● **Exercise instructions**
Set down nothing but the lines from the one containing "photovoltaik montagesysteme kabel" to the final line of the material, exactly as written, and drop the pictures.

● **Provided material**
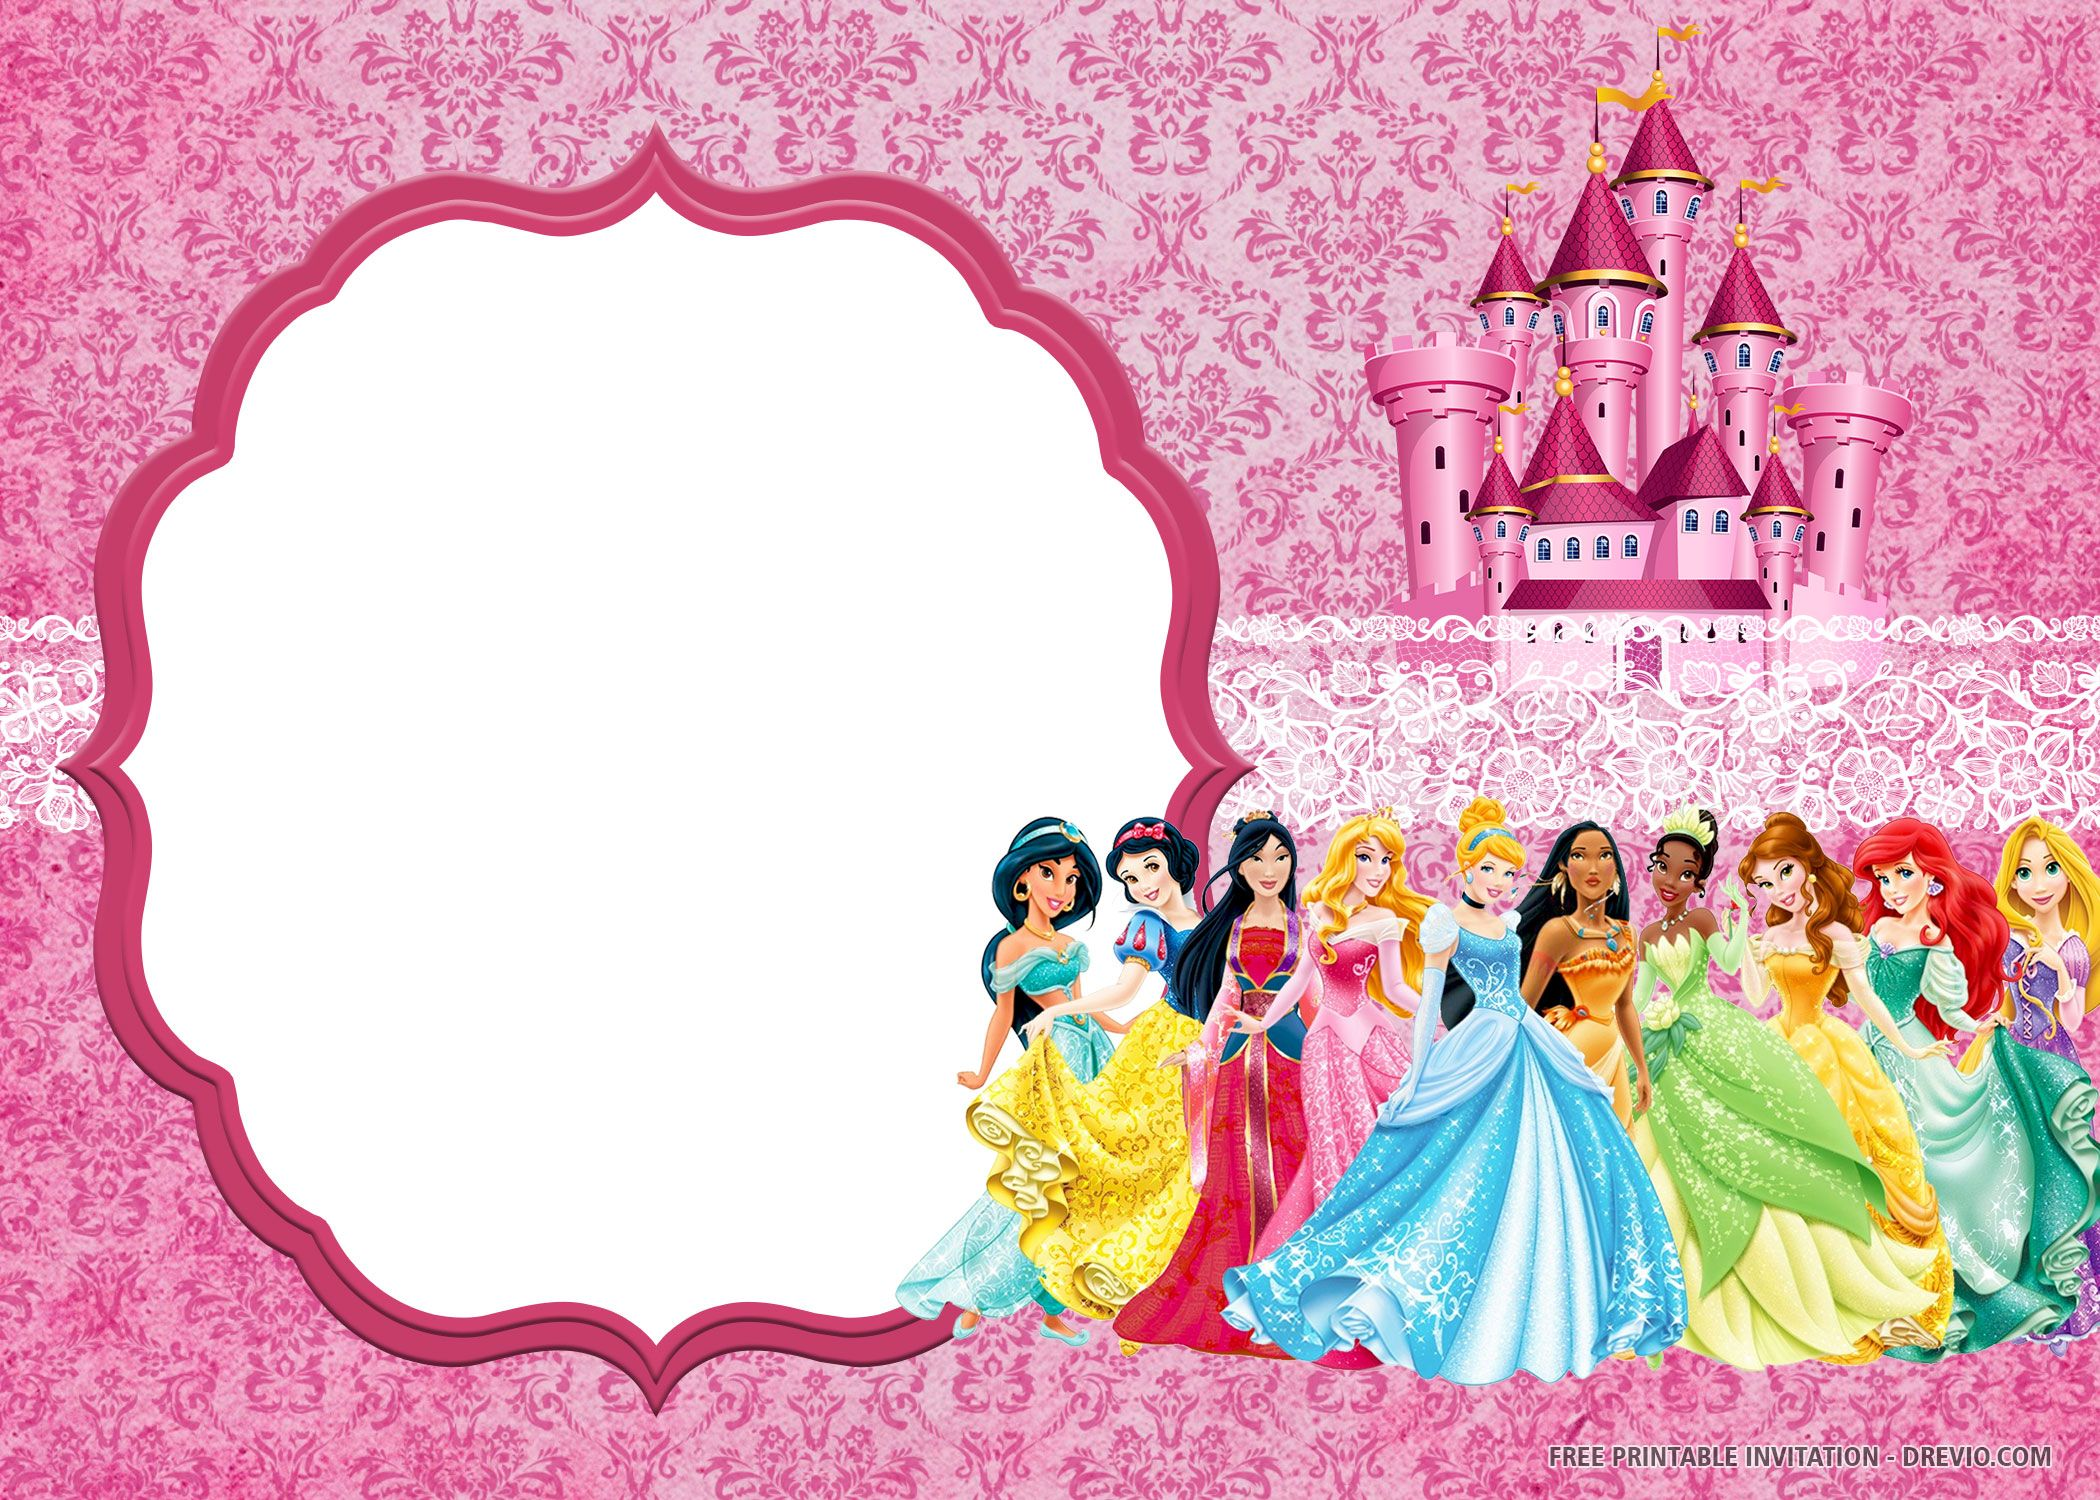 Free Printable Disney Princess Invitation Templates Disney Princess Invitations Disney Princess Party Decorations Princess Invitations
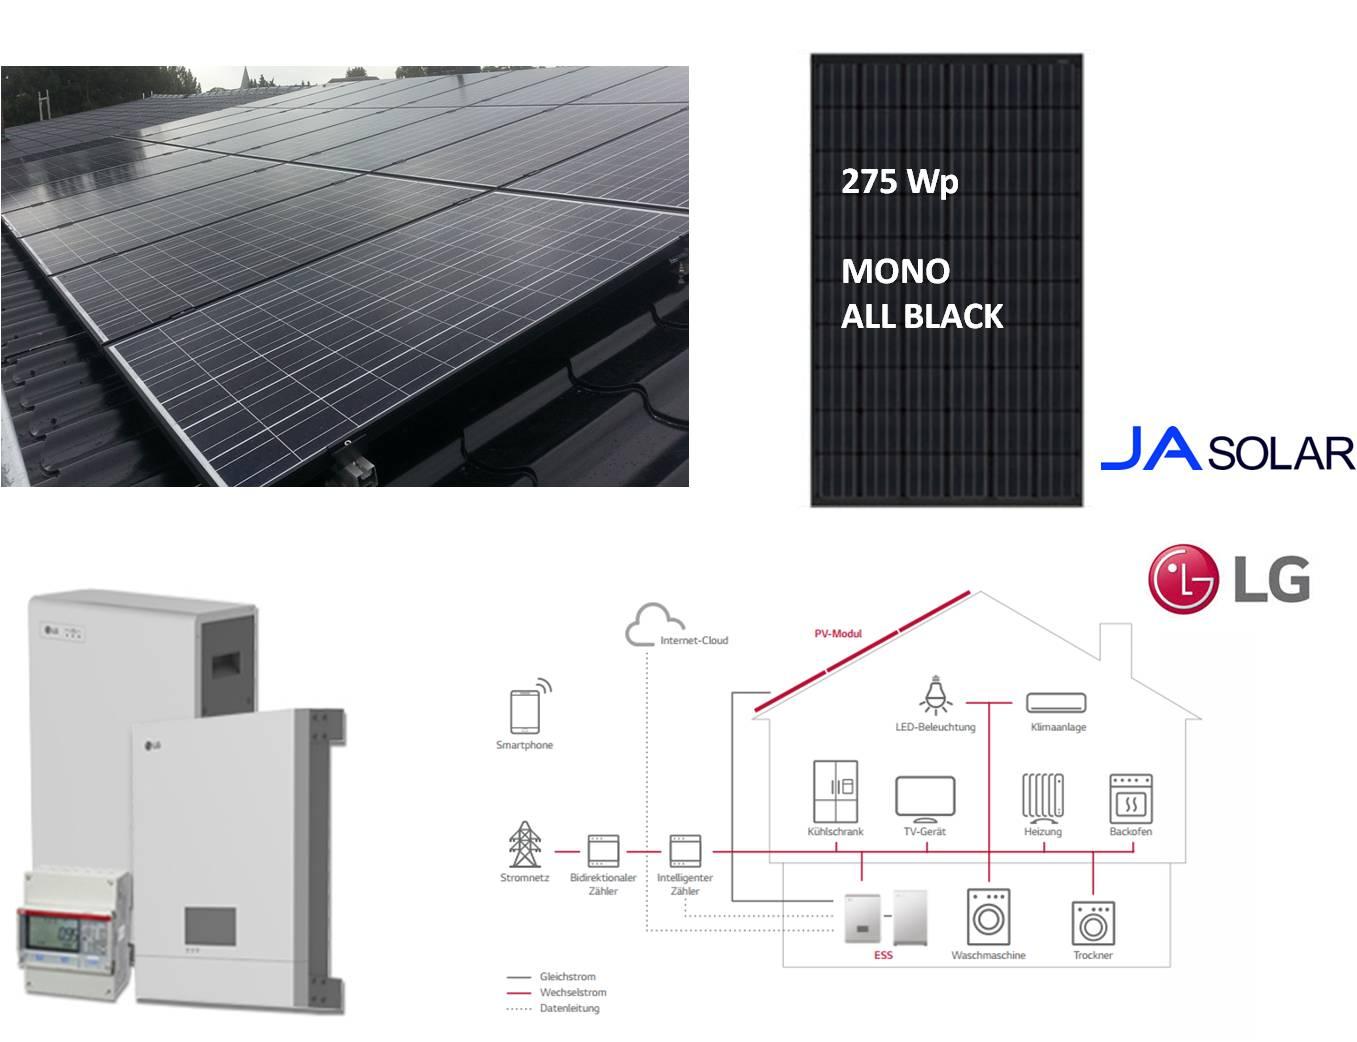 photovoltaik montagesysteme kabel zubeh r speicherpaket shop europe. Black Bedroom Furniture Sets. Home Design Ideas
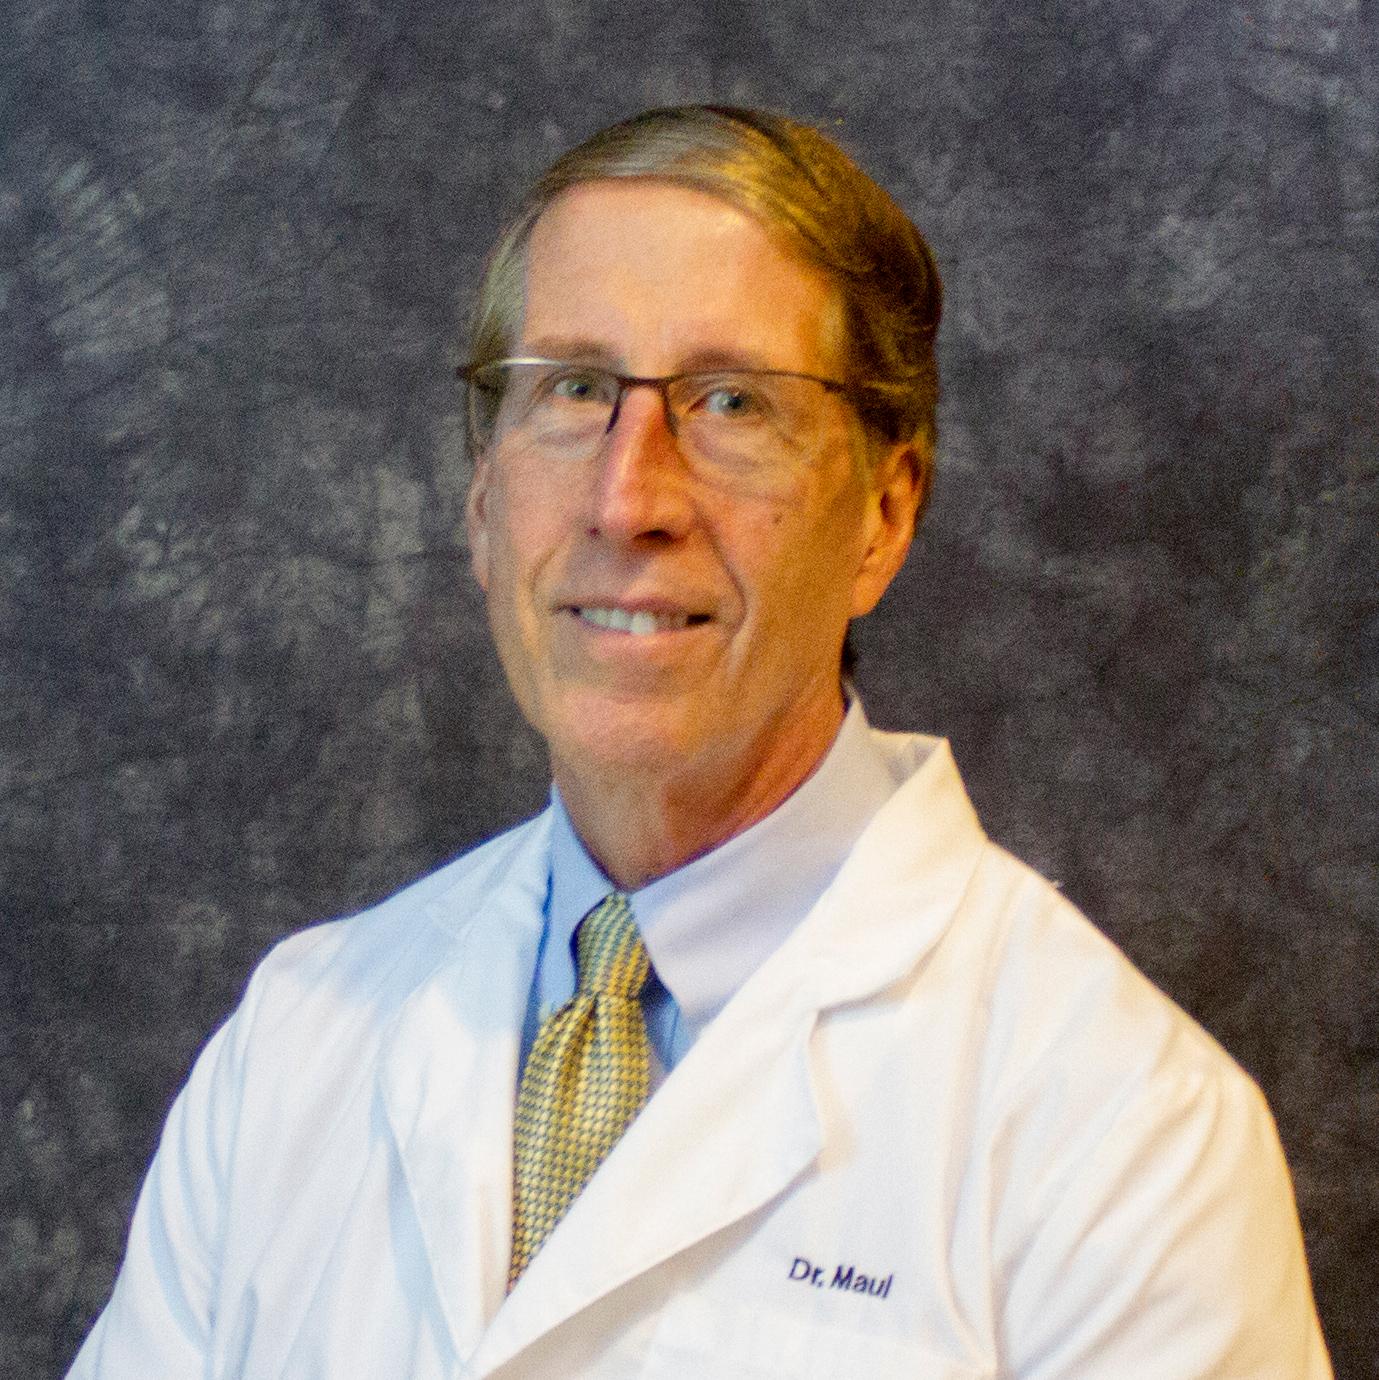 James Maul, OD Optician
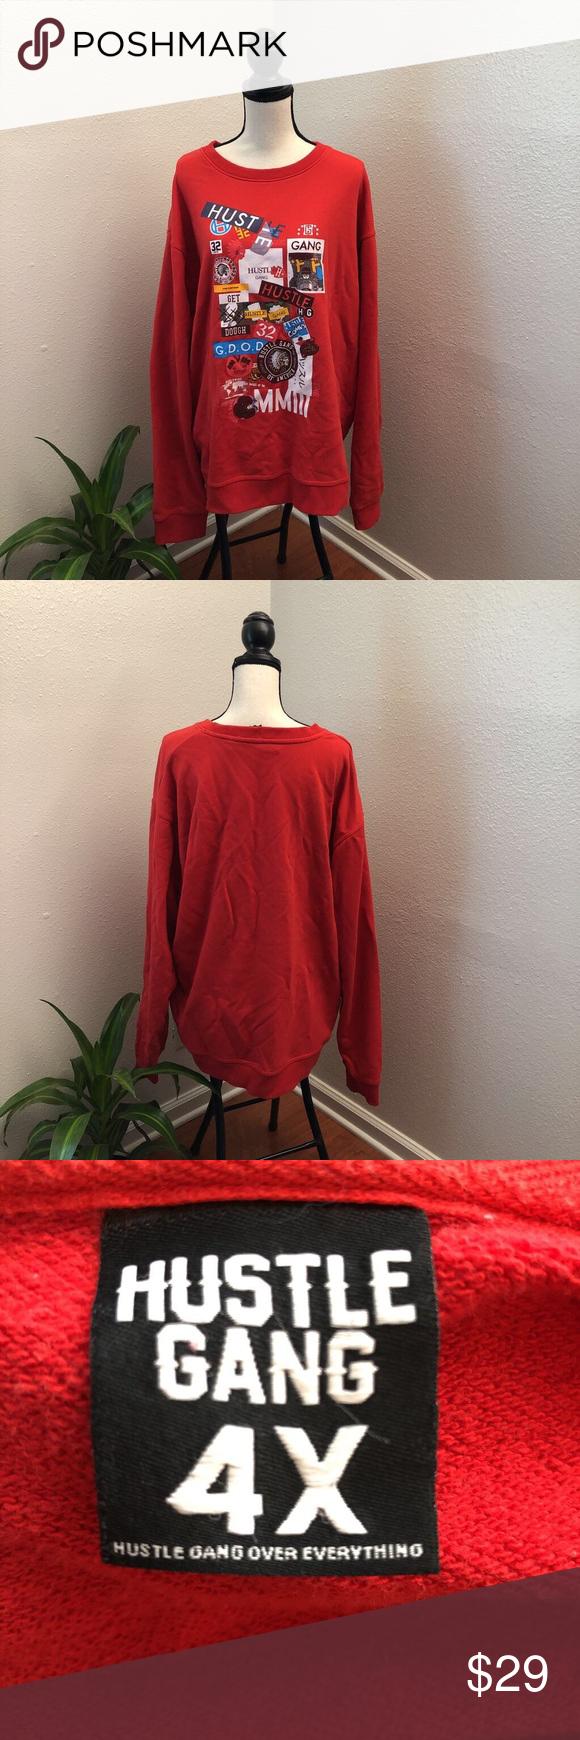 Hustle Gang Red Sweatshirt Red Sweatshirts Sweatshirts Cotton Pullover [ 1740 x 580 Pixel ]

● **Result of the task**
 photovoltaik montagesysteme kabel zubeh r speicherpaket shop europe. Black Bedroom Furniture Sets. Home Design Ideas
 James Maul, OD Optician
 Hustle Gang Red Sweatshirt Red Sweatshirts Sweatshirts Cotton Pullover [ 1740 x 580 Pixel ]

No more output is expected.